Acquiring hydrography data
The Canadian Hydrographic Service (CHS) conducts hydrographic surveys to acquire data. We use this data to:
- create nautical charts or update existing charts
- develop tide and current tables and other navigational publications
Hydrographic surveys collect 3 types of data:
- depths and heights
- water levels and vertical datums
- positioning and orientation
Field personnel, such as surveyors and technicians, carry out data acquisition. To do this, they use:
- survey platforms that include:
- land vehicles
- surface vessels
- autonomous or semi-autonomous underwater vehicles
Depths and heights
Depths and heights
Measuring the depths of all navigable waters of Canada is a main task for the CHS.
We measure the depth of water from a known location, such as a boat. We also measure the heights of surrounding land formations, such as:
- islands or shorelines
- clearances under bridges and overhead cables
We also measure the heights, or elevation, of:
- the space under:
- overhead cables
- easily seen objects
- tops of peaks near the coast
The CHS uses the Canadian Coast Guard ship Petrel to measure depths and heights. The vessel has a:
- MVP-30 profiling winch
- hull-mounted Kongsberg EM3002 multibeam echosounder
We use Petrel for shipboard surveys:
- on the Great Lakes
- in the eastern and western Arctic
We calculate height and depth by:
- inferring from satellite altimetry
- measuring with remote sensors, such as:
- echosounders (sonars)
- lasers (bathymetric lidars)
- correcting the data acquired for:
- vessel dynamics
- ocean conditions
- detecting objects on the seabed by scanning sonars, such as the sidescan sonar
The heights of surrounding land formations can be measured with lasers, such as topographic lidar. We can examine the backscatter from sonars and lidars to learn about the makeup of the seabed.

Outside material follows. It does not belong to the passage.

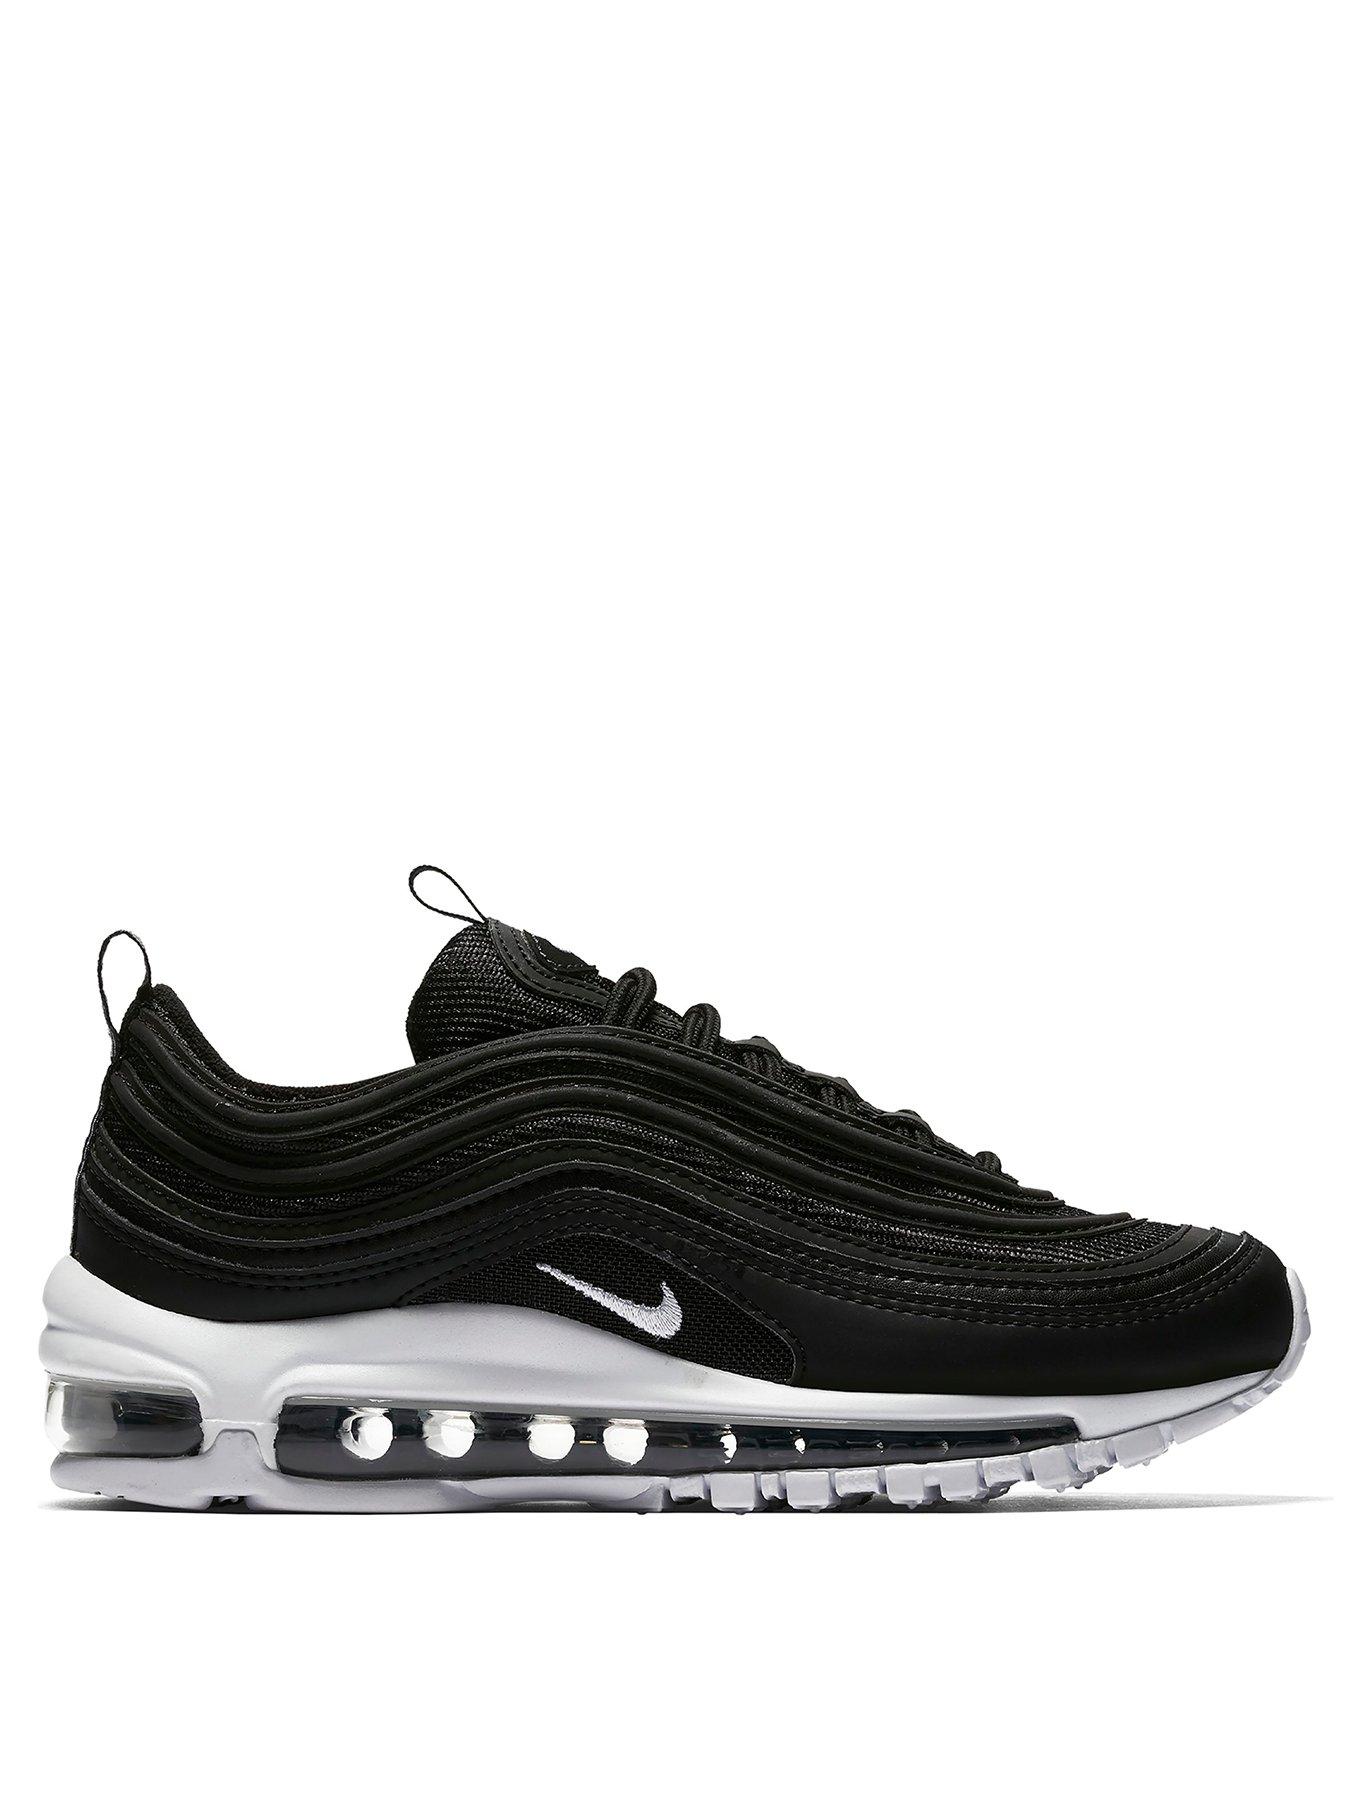 air max 97s black and white

Another task for the CHS is determining the type of seabed and its material properties. This can be done by:
- taking physical samples:
- with tallow on a leadline
- remotely with a subsurface grab sampler
- inference from the acoustic or light backscatter properties of the reflected depth measurement signal
Until the Second World War, the leadline was the main method of measuring depths and determining the type of seabed. The leadline is a cord with a lead weight at one end and depth marks along its length. It was lowered vertically to the seabed, and the depth mark on the cord at the water's surface was recorded.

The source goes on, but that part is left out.